Acceptable Use of the Internet, Data Security and e-Safety Policy Statement
Federation of Brays School and The Bridge School
Acceptable Use of the Internet, Data Security and e-Safety Policy Statement
Adopted: April 2015
Review Date: June 2017
ICT in the 21st Century is seen as an essential resource to support learning and teaching, as well as playing an important role in the everyday lives of children, young people and adults. Consequently, schools need to build in the use of these technologies in order to arm our young people with the skills to access life-long learning and employment.

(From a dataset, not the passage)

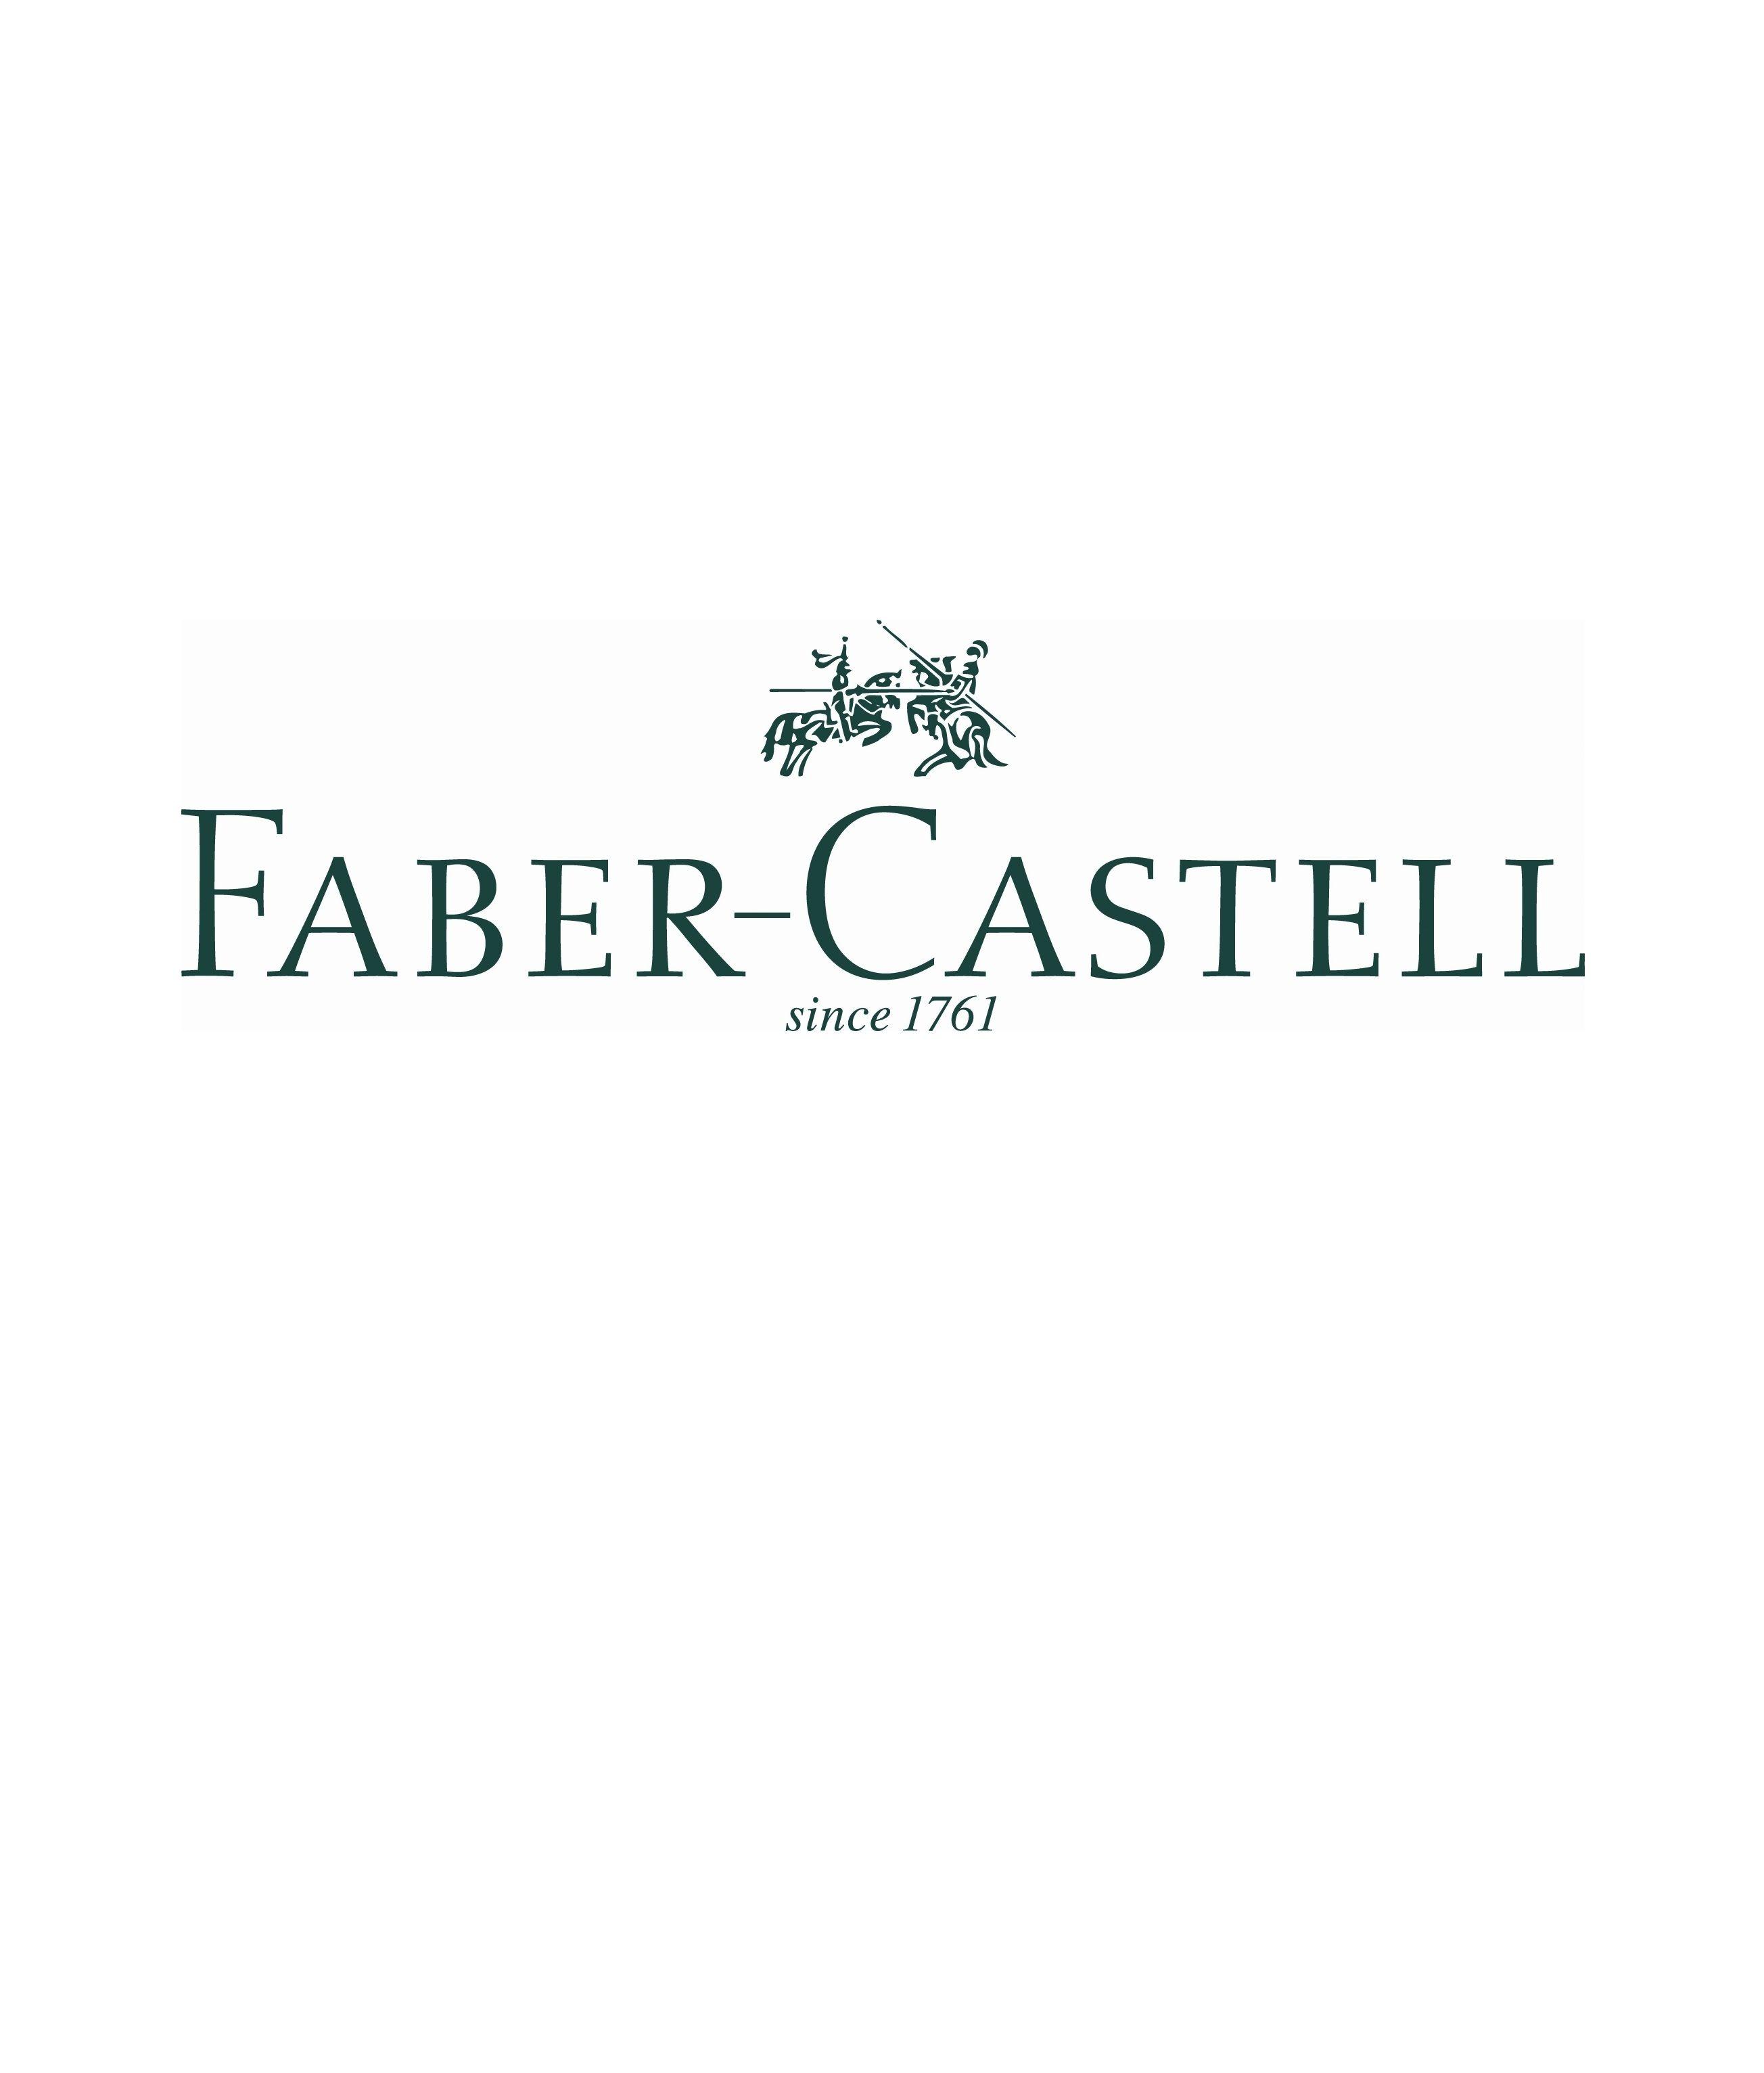 Faber-Castell Logo - FABER CASTELL' logo | Logo | Logos, Faber castell, Symbols
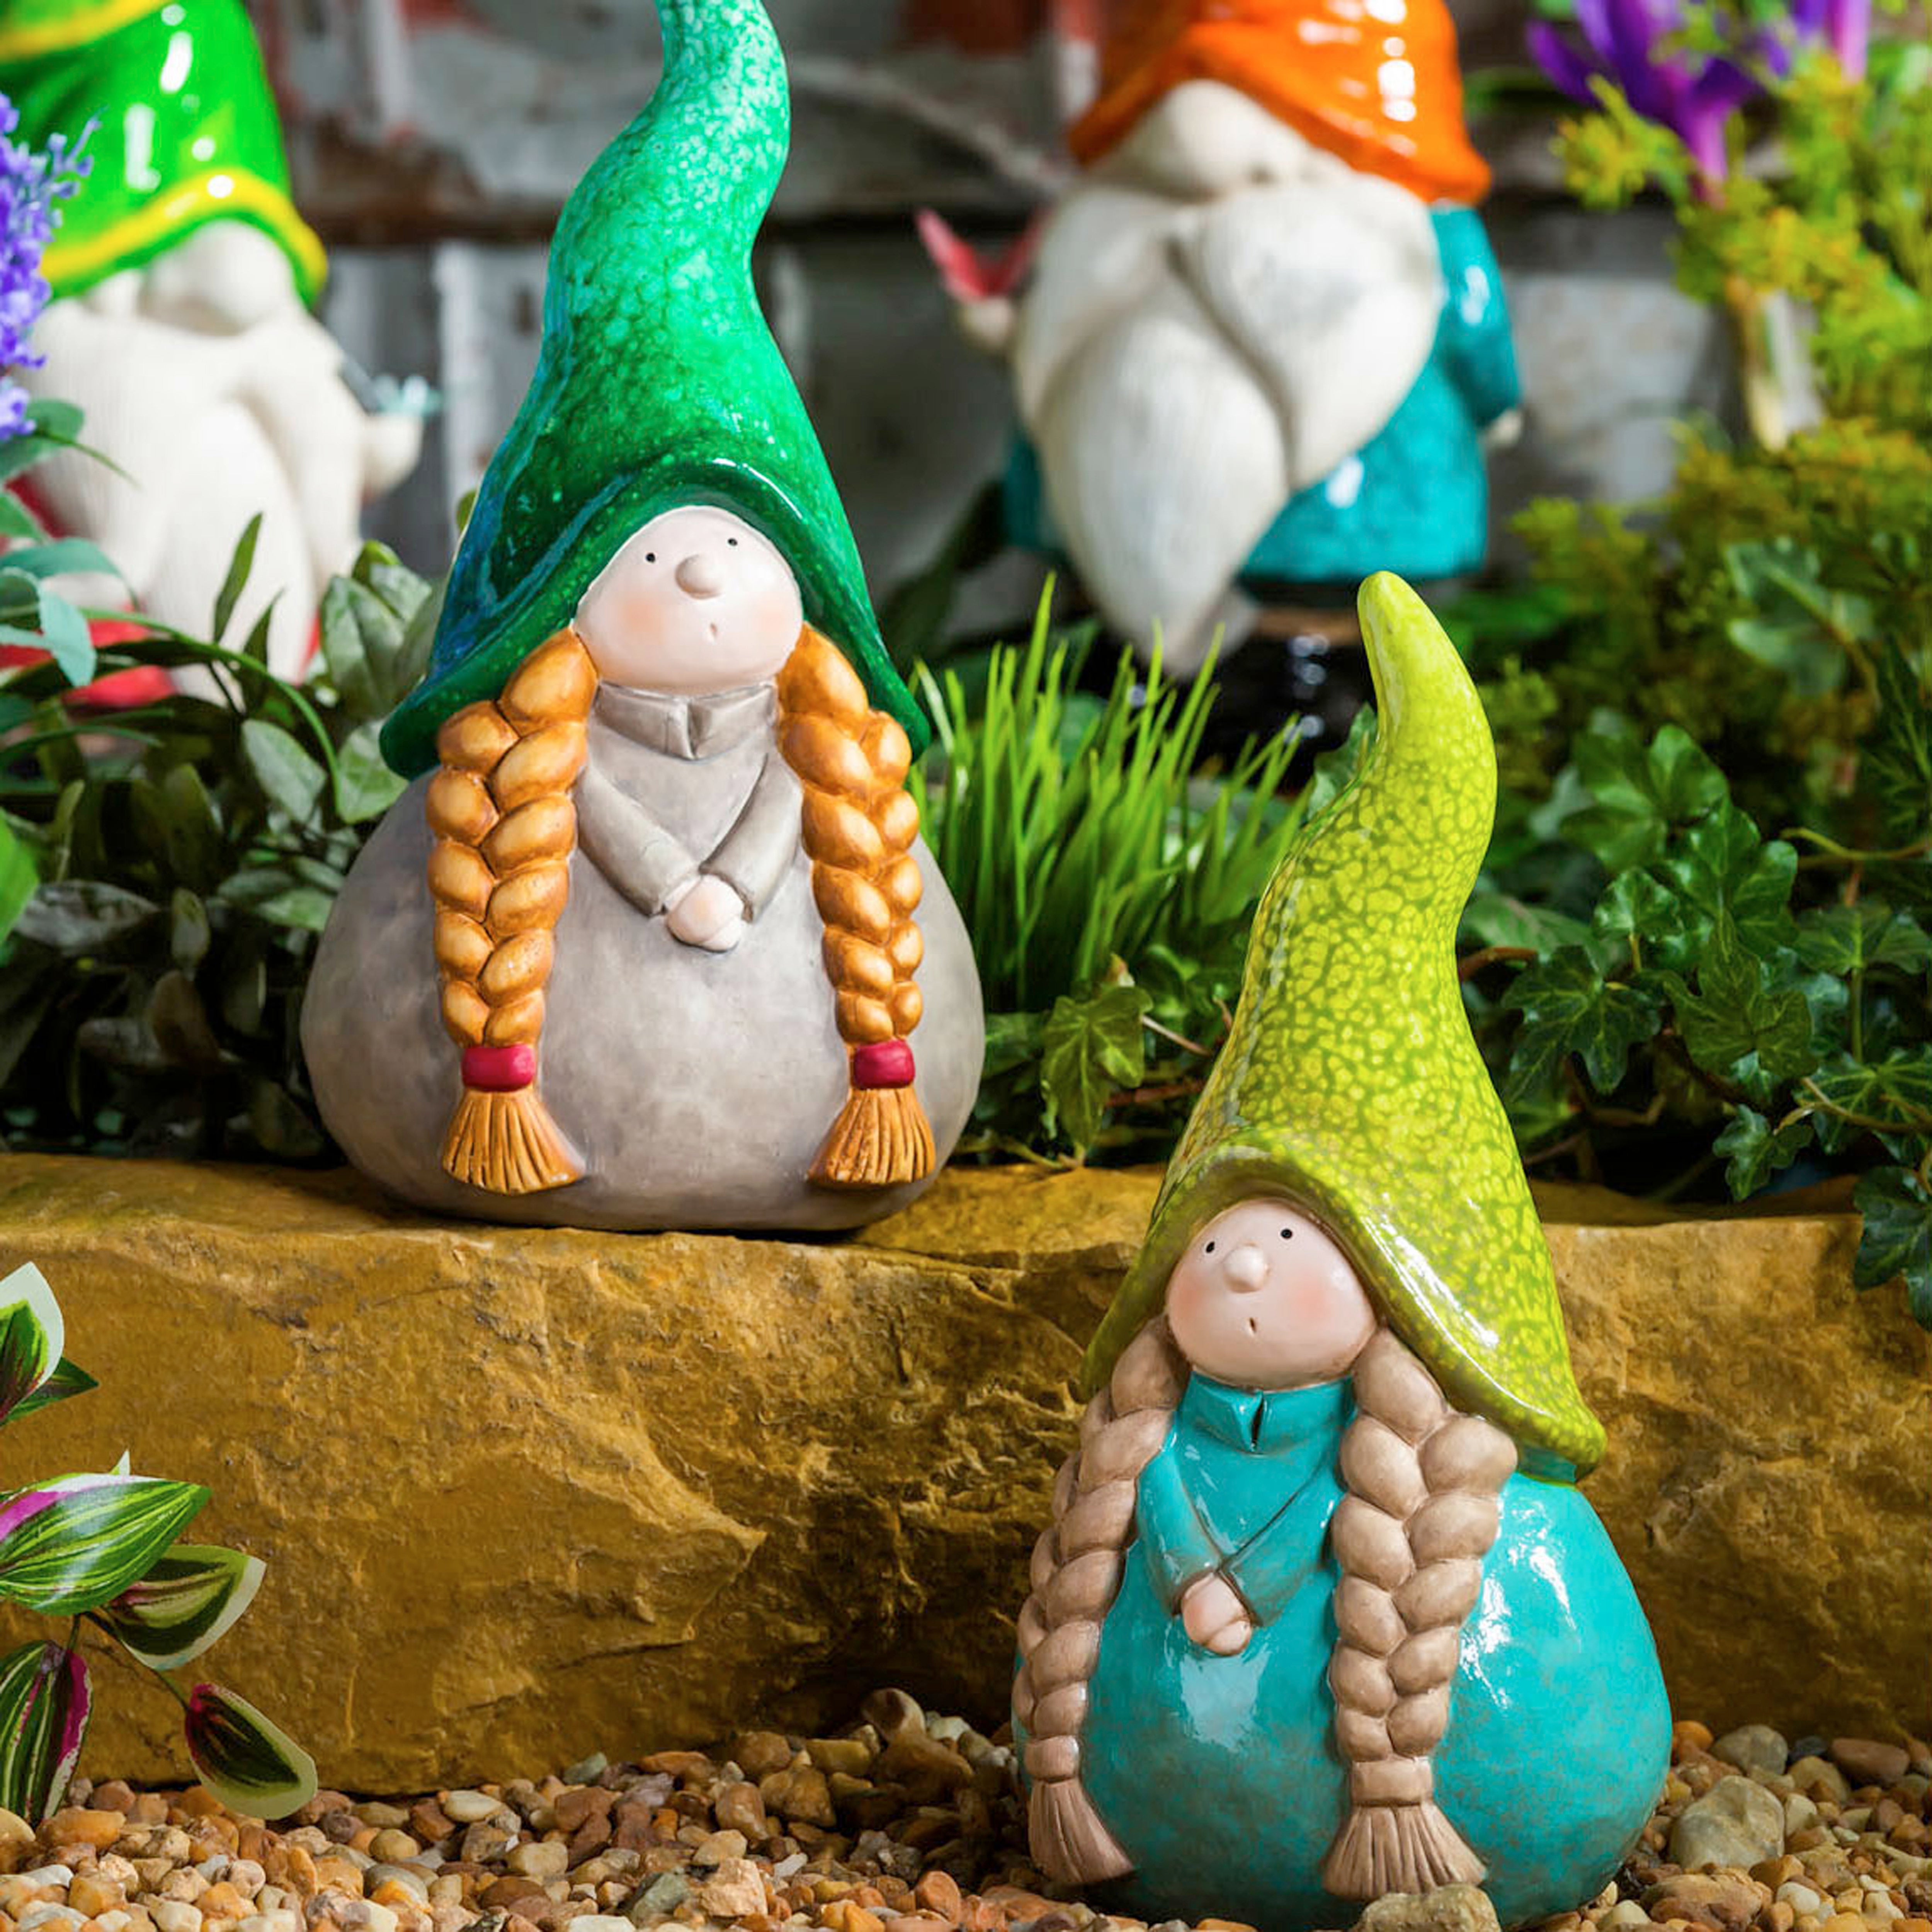 Teal Ceramic Lady Gnome Garden Statuary

Information and Communications Technology covers a wide range of resources including; web-based and mobile learning. It is also important to recognise the constant and fast paced evolution of ICT within our society as a whole. Currently the internet technologies children and young people are using both inside and outside of the classroom include:
- Learning Platforms and Virtual Learning Environments
- E-mail and Instant Messaging
- Chat Rooms and Social Networking
- Blogs and Wikis
- Video Broadcasting
- Music Downloading
- Mobile/ Smart phones with text, video and/ or web functionality
- Other mobile devices with web functionality
Whilst exciting and beneficial both in and out of the context of education, much ICT, particularly web-based resources, are not consistently policed. All users need to be aware of the range of risks associated with the use of these Internet technologies.
Schools hold personal data on learners, staff and other people to help them conduct their day-to-day activities. Some of this information is sensitive and could be used by another person or criminal organisation to cause harm or distress to an individual. The loss of sensitive information can result in media coverage, and potentially damage the reputation of the school. This can make it more difficult for your school to use technology to benefit learners.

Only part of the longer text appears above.